He had been concentrating on the vision of Lucy, while she made these mental adjustments to his changed physiognomy. He took his time; then, without comment besides a deep, appreciative smile, he closed his hand over hers, and led her toward the Grim Reaper.
“Tickets for the boat ride to Hades, quickly please, Dr. Stafford…and Goddess. We’re about to sail, and half of them on board are ripped already.” The cloaked figure glanced at the tickets. “You’ll find a band in the saloon on the right, and drinks in the bar to the left, or under the canopy, outside on the forward deck, up the stairs through the bar. Enjoy your evening.”
Lucy was amused by Death’s chirpy informativeness, but as they stepped off the gangway onto the boat, two masked figures dressed as spirits sprang at them, blocking their progress.
“A thousand pardons, good souls, but you must pay the ferryman for this voyage. To the realms of the dead.” The man held out a hand.
Alex pulled a ten-pound note from his pocket and proffered it to the spirit. His female companion took the note, holding it between her long white fingers. She rubbed the fingers of the other hand over it, blew magically, and it disappeared. She bowed with a grand gesture.
“Perhaps a Troilus for this Cressida, good doctor?” she begged.
Alex reached into his pocket again, and this time took out a five-pound note. “More an Elizabeth Fry for your Charles Darwin.” He grinned as they moved forward.
“True, sir, but while we beggars do have to move with the times, there’s something lost in the translation, don’t you agree?” Alex laughed. “It is for a good cause, as you know. So I thank you, good sir.”
“Left to drink, right to dance?” Alex offered Lucy the choice as they hovered in the passageway between the halls.
“Let’s take a peek.”
She pulled open the main door. The wall of noise escaped for a moment, and the room looked like a reproduction of Dante’s Inferno. Through a haze of artificial smoke, costumed figures of every age and description gyrated. Arms and legs waved in a kind of frieze. Real skeletons stood on either side of the door. The participants seemed to be waving body parts over their heads as the whole vision throbbed to some primordial beat. Lucy had a distinct impression that the props were not from any theatrical hire place, but she couldn’t hear enough of her own voice to ask Alex. She’d heard about the students’ jokes and the housemen’s macabre humor on these occasions: she’d leave it there.
Alex—with mock horror—firmly closed the door to the dance hall, sealing in most of the noise. “Left to drinks!” They nodded agreement, turned to the other door, and entered the bar.
The room was packed with costumed characters, with a bar set up at one end. Its attendants were a wild-haired Dr. Frankenstein and a collection of his followers. The back of the bar was set out like the inside of an anatomy lab. There were rows of bell jars, mixed with chemical retorts, colored flasks, and other apparatus that exhibited specimens of brains, livers, kidneys, hands, feet, all preserved in formalin.
“Damien Hirst would be right at home here,” Lucy remarked as they crushed forward.

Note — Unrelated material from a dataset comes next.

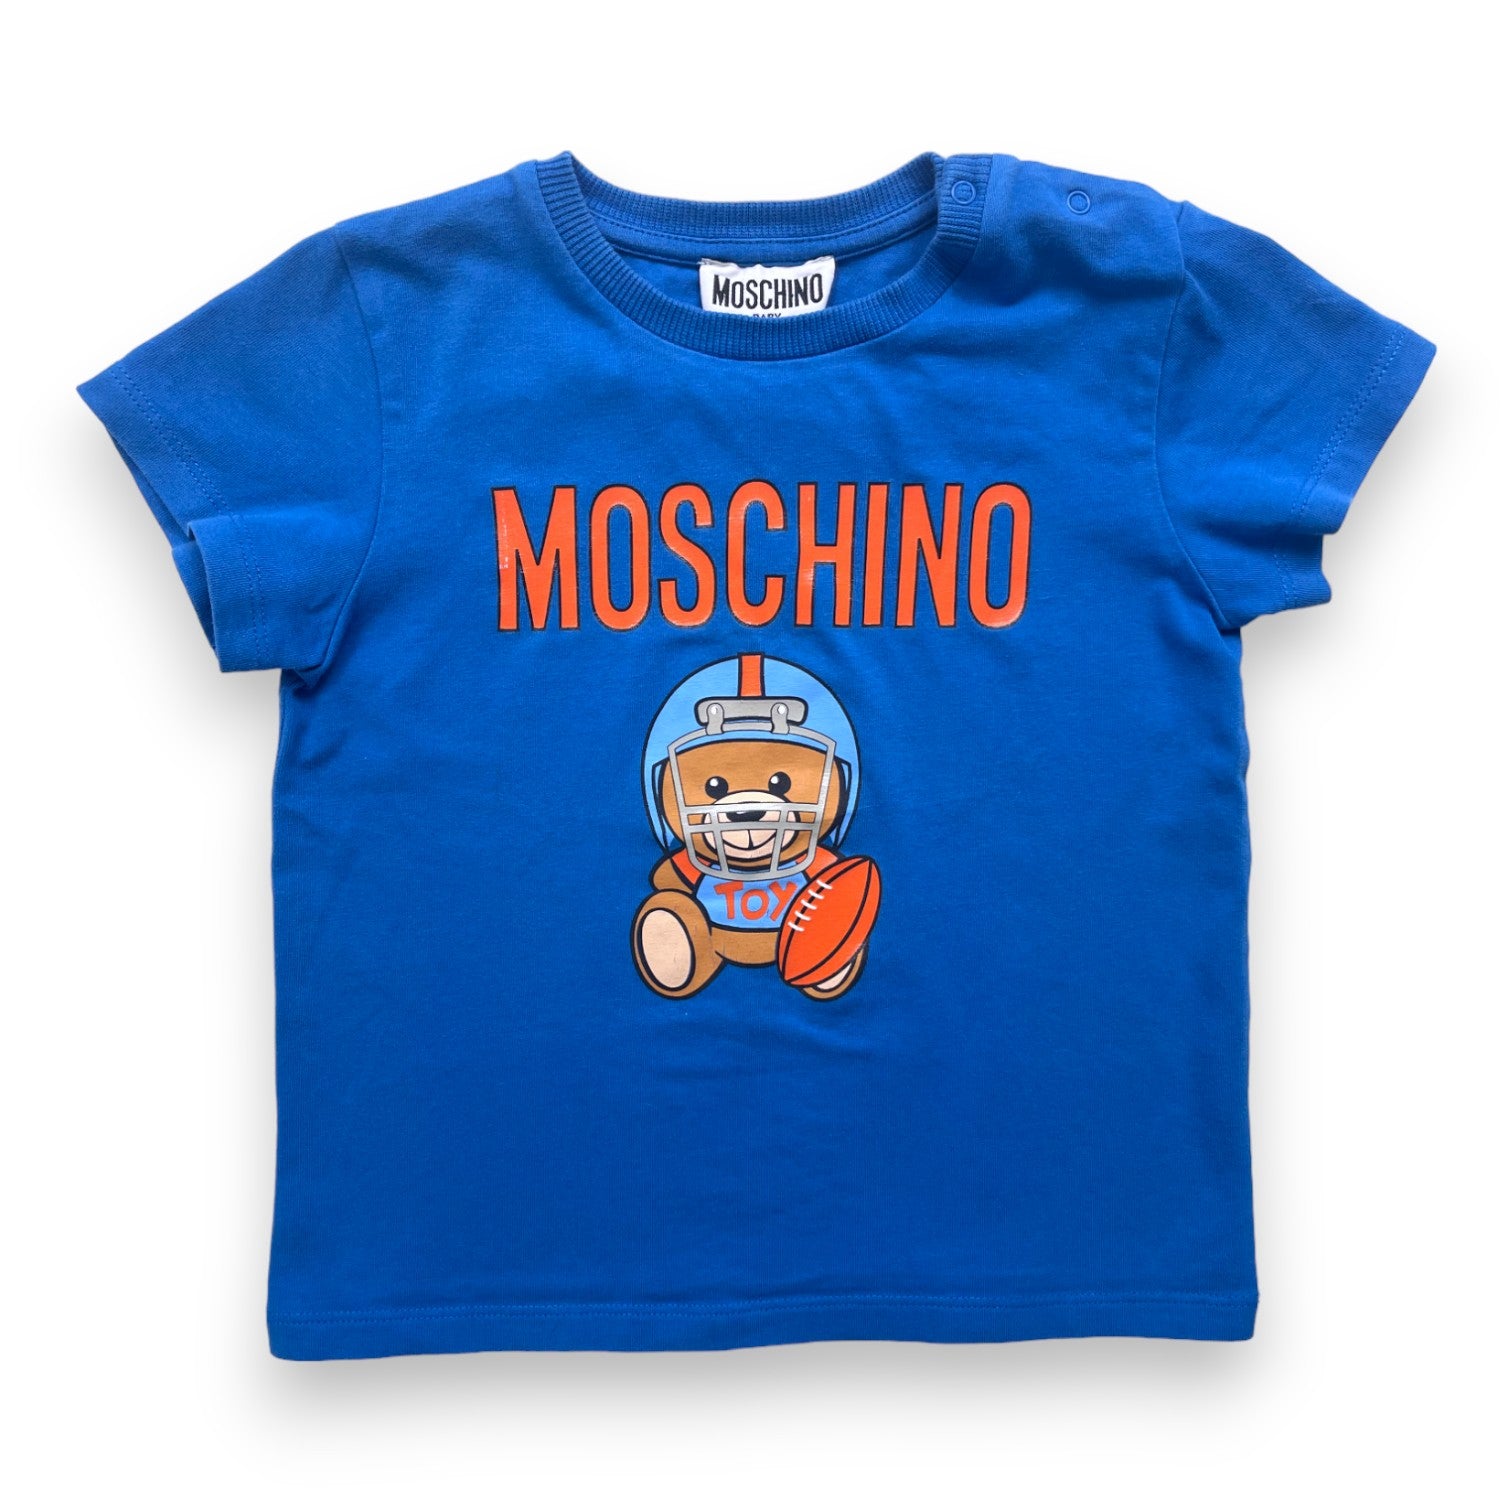 MOSCHINO - T shirt bleu à imprimé - 2 ans

“Too close to the bone, do you think?” Alex was confident Lucy’s ironic humor could go the distance; but it was certainly not for the fainthearted.
“Hello, Dr. Stafford.” Frankenstein spoke. “Maybe you and your guest would be happier upstairs? I just saw the honorable Azziz go up, talking to an administrator, ten minutes ago. Take the stair over there.” He gesticulated with his right elbow as he opened two beer bottles with one hand, then dextrously poured all four bottles that he was holding in both hands into four glasses. “Six pounds, please.” He addressed Queen Elizabeth with flaming red hair, as she dug in her purse.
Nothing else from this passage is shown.